For most couples having regular unprotected sex, conception happens within a year. In any single menstrual cycle, the chance of getting pregnant ranges from about 25–30% in your early to mid-20s down to around 5% by age 40. The biological process itself, from sperm meeting egg to a fertilized embryo settling into the uterus, takes roughly 6 to 10 days.
What Happens in the First Hours
Conception starts faster than most people realize. The first sperm reach the fallopian tubes within minutes of ejaculation, though only a small fraction of the original millions make it that far. If an egg is already waiting (or arrives shortly after), fertilization can happen almost immediately. The highest pregnancy rates occur when sperm and egg meet within 4 to 6 hours of ovulation.
The egg itself is only viable for about 24 hours after it’s released from the ovary. Sperm, on the other hand, can survive in the reproductive tract for an average of 2 to 3 days, and potentially up to a week. That asymmetry is why sex in the days before ovulation can still lead to pregnancy: sperm can be waiting in the fallopian tubes when the egg arrives.
From Fertilization to Implantation
Once a sperm penetrates the egg, the fertilized cell begins dividing as it travels down the fallopian tube toward the uterus. About six days after fertilization, the tiny cluster of cells begins embedding itself into the uterine lining. This process, called implantation, is what actually establishes a pregnancy. Until implantation is complete, the body hasn’t started producing the hormones a pregnancy test detects.
Some people notice light spotting around 10 to 14 days after ovulation, which can be a sign of implantation. It’s typically much lighter than a period and doesn’t last long. Not everyone experiences it, so the absence of spotting doesn’t mean anything one way or the other.
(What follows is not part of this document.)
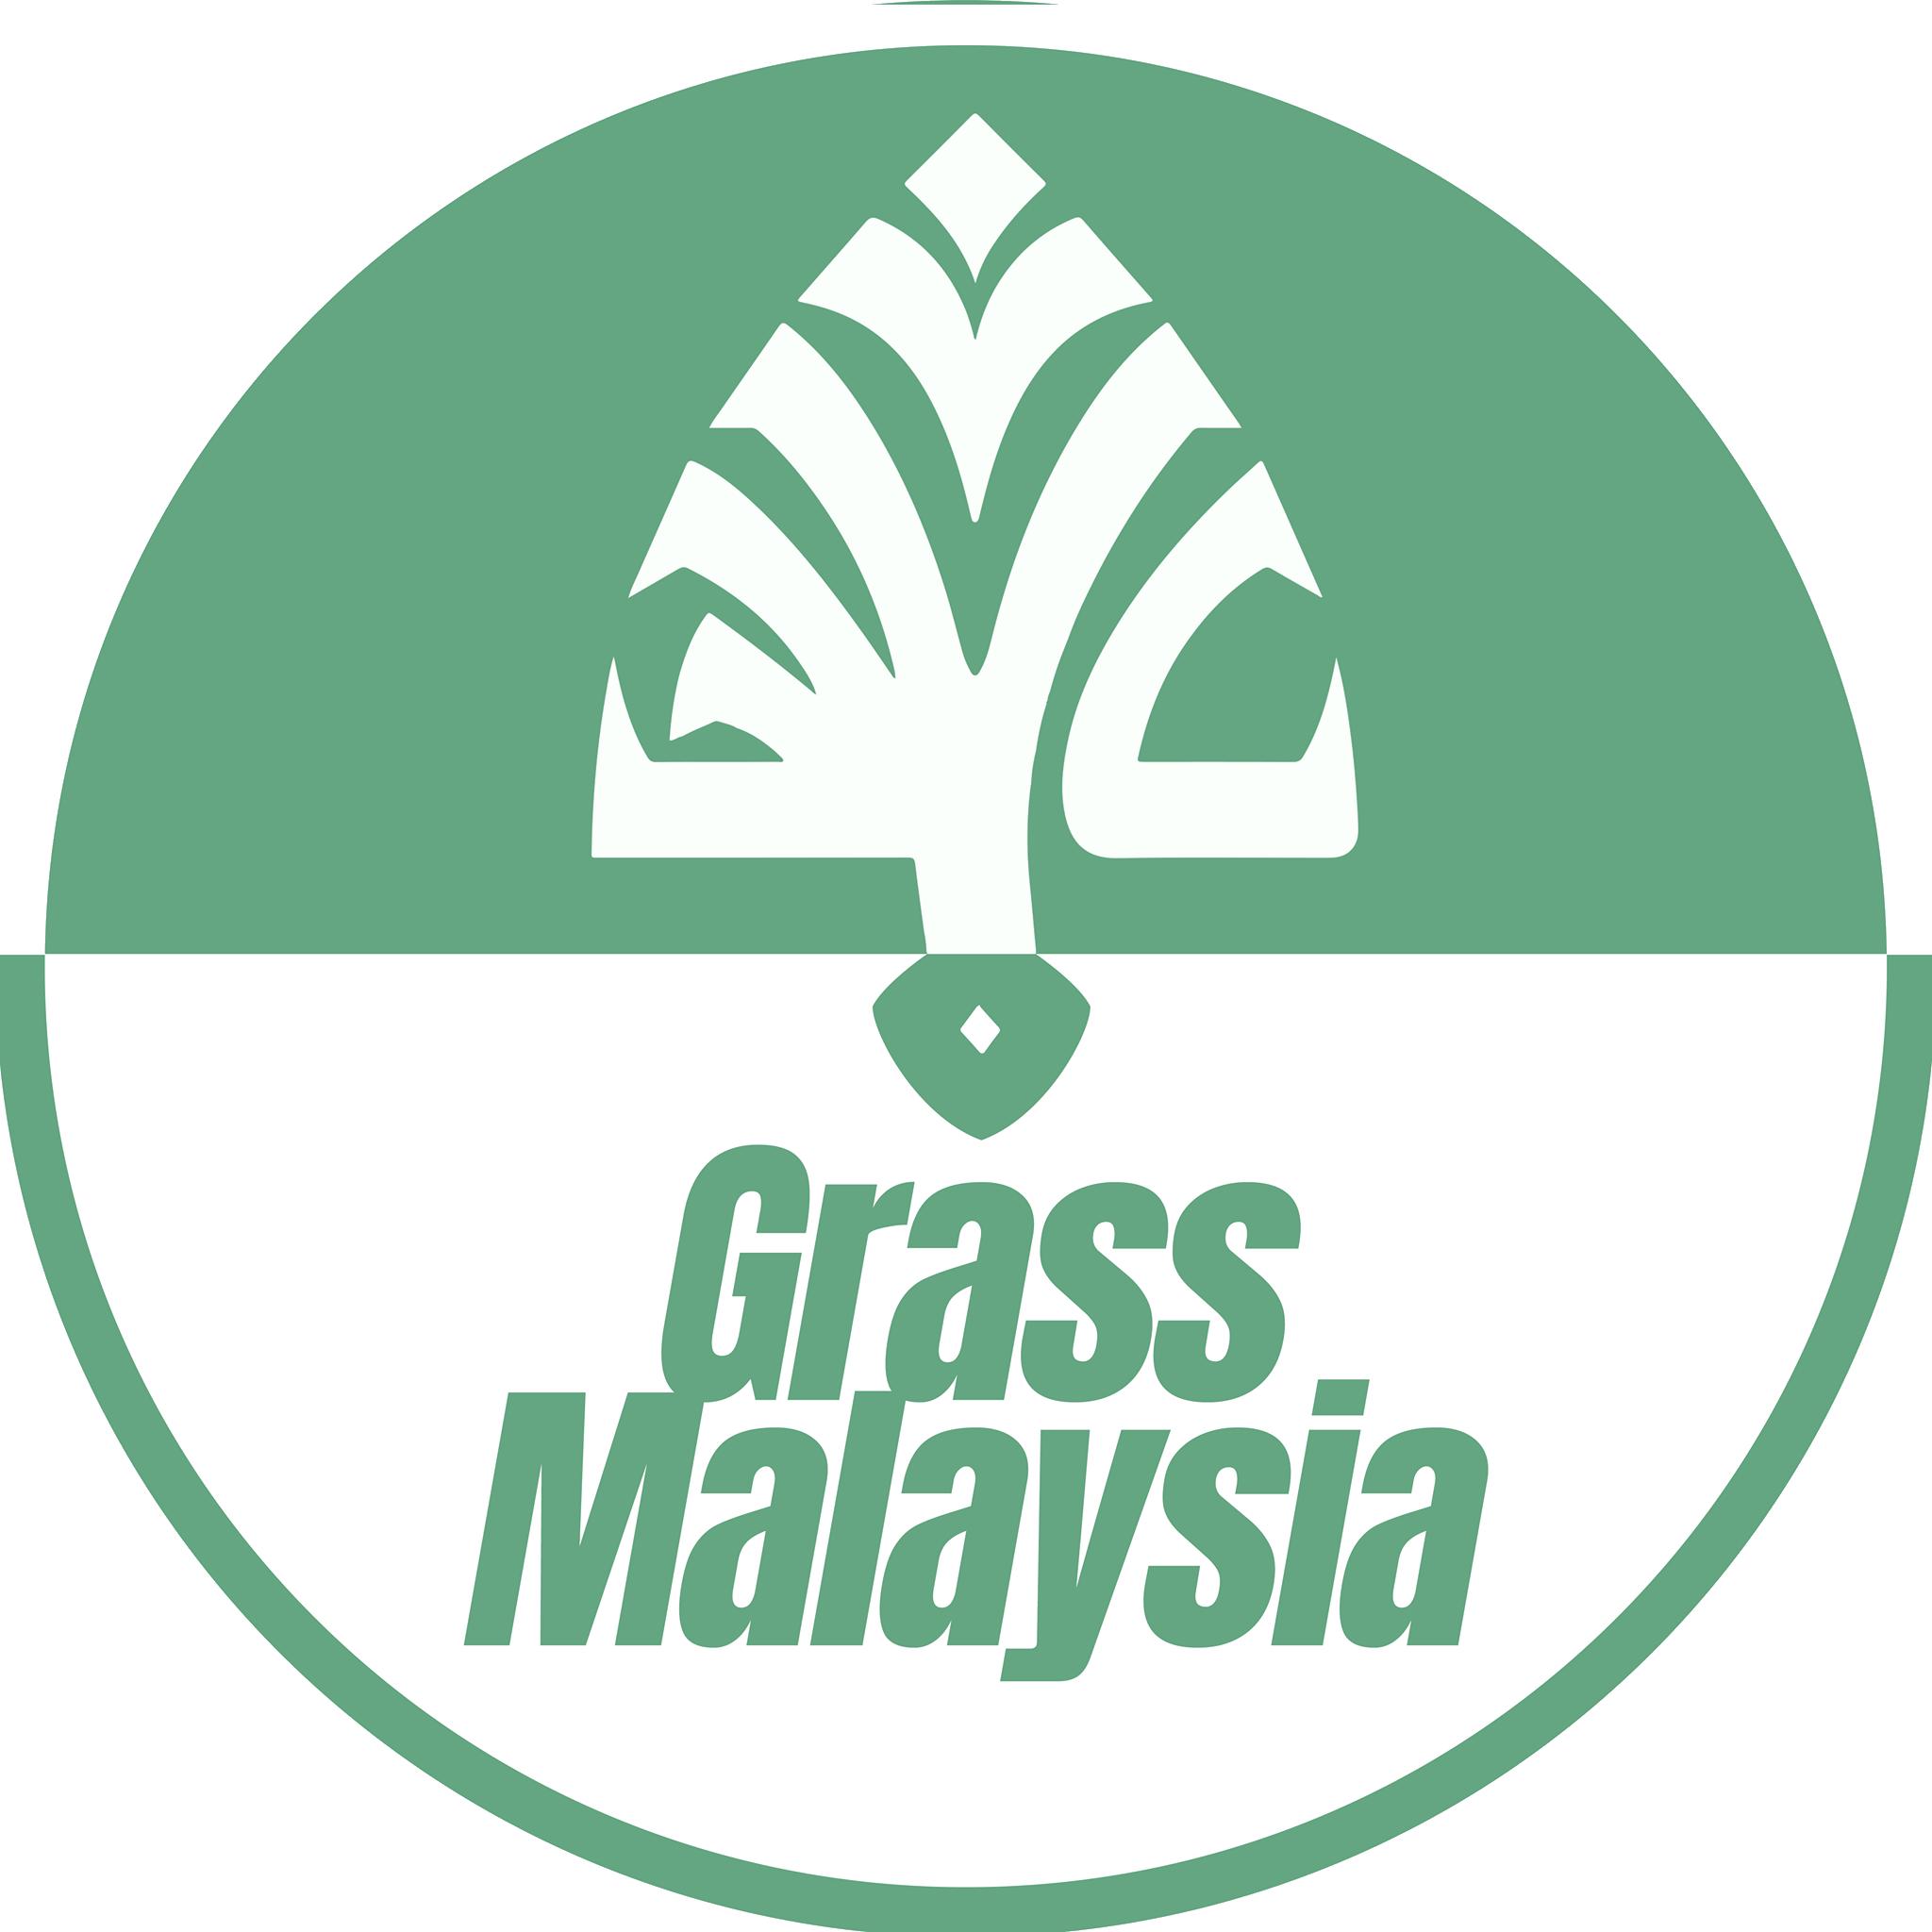 Alam: GRASS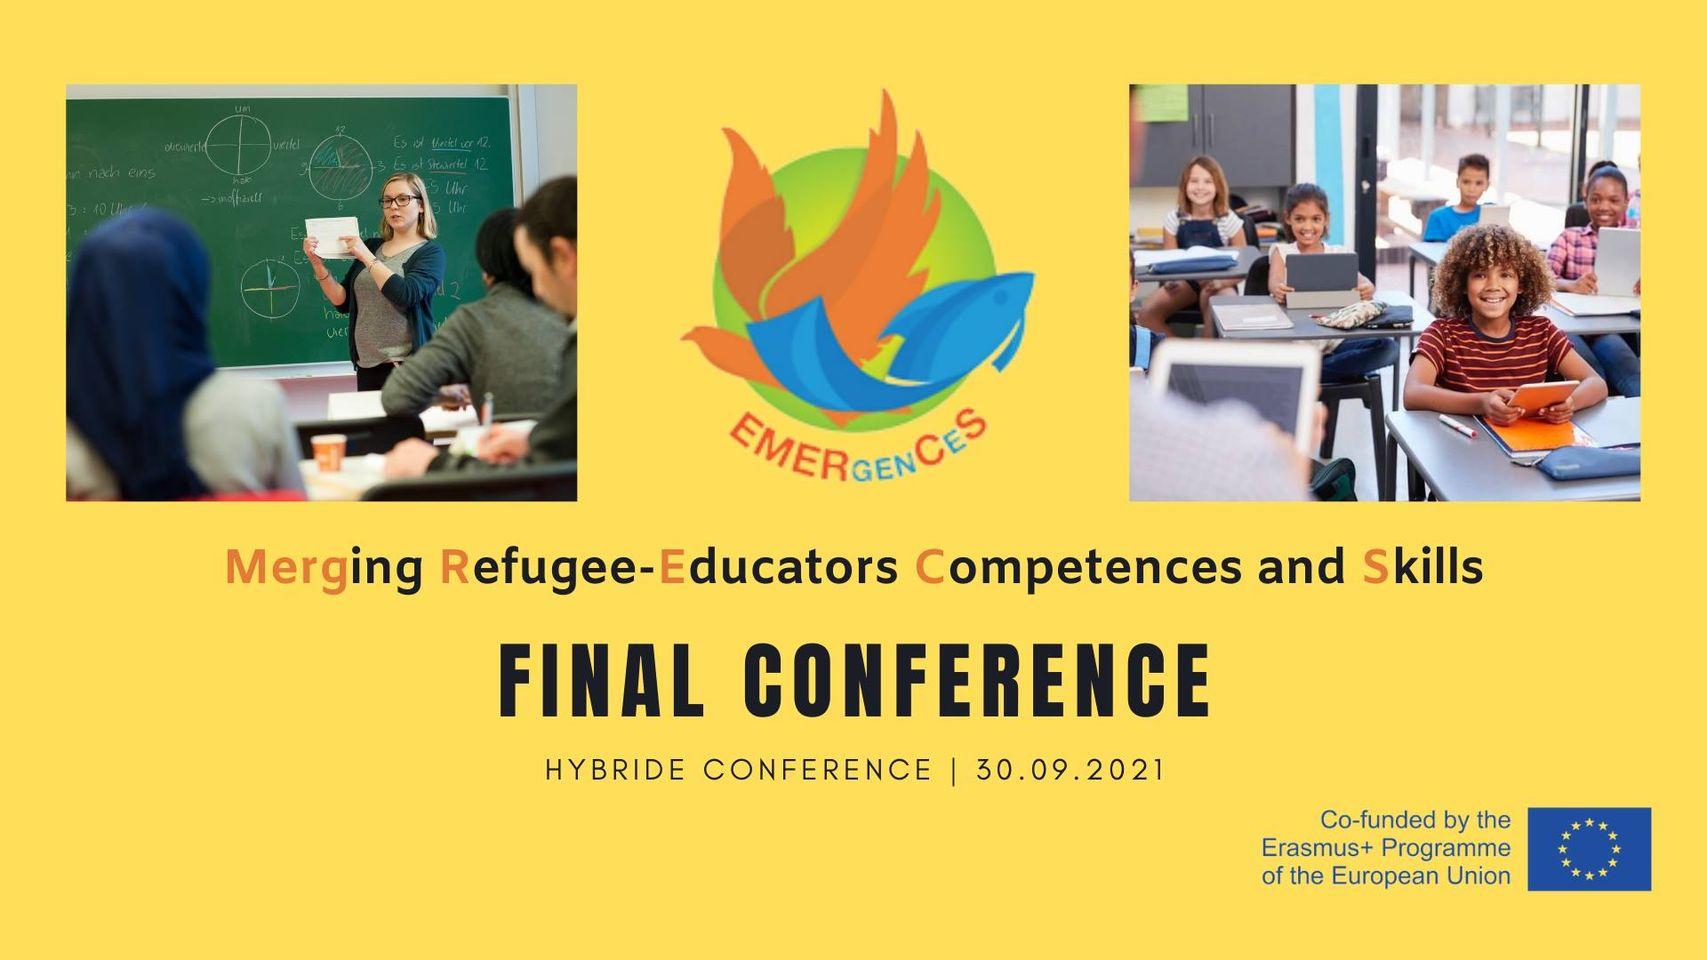 Telop-zakljucna-konferenca-Emergences

When a Pregnancy Test Works
After implantation, your body starts producing a hormone called hCG. Home pregnancy tests detect this hormone in urine, but it takes a few days for levels to rise enough to register. A level below 5 mIU/mL reads as negative, while anything above 25 mIU/mL reads as positive. Results between 6 and 24 fall into a gray area where you’d need to retest a couple of days later to see if levels are climbing.
In practical terms, this means the earliest you can get a reliable positive result is around 10 to 14 days after ovulation, roughly the time of your expected period. Testing earlier increases the chance of a false negative simply because hCG hasn’t built up enough yet.
Realistic Timelines for Getting Pregnant
Even when everything is working perfectly, conception doesn’t happen on the first try for most people. A 25–30% chance per cycle in your early to mid-20s means that, statistically, it could take three to four months of well-timed sex. Most healthy couples conceive within a year of trying.
Age is the single biggest factor that changes these odds. Fertility begins declining gradually in the late 20s, more noticeably after 35, and significantly after 40. By 40, the per-cycle chance drops to around 5%, meaning it could take many more months of trying. This decline reflects changes in both egg quality and the total number of eggs remaining.
Your Fertile Window
Because the egg survives only about 24 hours but sperm can live for several days, your fertile window is roughly five to six days long: the five days leading up to ovulation plus the day of ovulation itself. Having sex every one to two days during this window gives you the best odds in any given cycle.
Pinpointing ovulation isn’t always straightforward. Cycles vary in length, and ovulation doesn’t always happen on the same day. Tracking methods like basal body temperature, cervical mucus changes, or over-the-counter ovulation predictor kits can help narrow the timing. Ovulation predictor kits detect a hormone surge that typically happens 24 to 36 hours before the egg is released, giving you a short heads-up.
Factors That Affect How Long It Takes
Beyond age, several things influence how quickly conception happens. Irregular or absent periods often signal irregular ovulation, which makes timing harder and can reduce the number of fertile cycles per year. Conditions like polycystic ovary syndrome, thyroid disorders, and endometriosis can all affect fertility on the female side. On the male side, sperm count, motility, and shape matter. Lifestyle factors like smoking, heavy alcohol use, obesity, and chronic stress can reduce fertility for both partners.
Frequency and timing of sex play a surprisingly large role. Couples who have sex only once or twice a month, or who consistently miss the fertile window, will naturally take longer to conceive even if nothing is medically wrong. Regular sex every two to three days throughout the cycle is a simple way to cover the fertile window without needing to track anything precisely.
When the Timeline Feels Too Long
General guidelines from the American Society for Reproductive Medicine recommend a fertility evaluation after 12 months of trying for women under 35, and after 6 months for women 35 and older. For women over 40, earlier evaluation is often appropriate given the steeper decline in fertility. If you have a known condition associated with infertility, such as a history of pelvic surgery, irregular cycles, or a partner with known sperm issues, evaluation can start right away regardless of age.
A basic fertility workup typically involves blood tests to check hormone levels, an imaging study to look at the uterus and fallopian tubes, and a semen analysis. These tests can identify common issues relatively quickly and help determine whether treatment could shorten your timeline.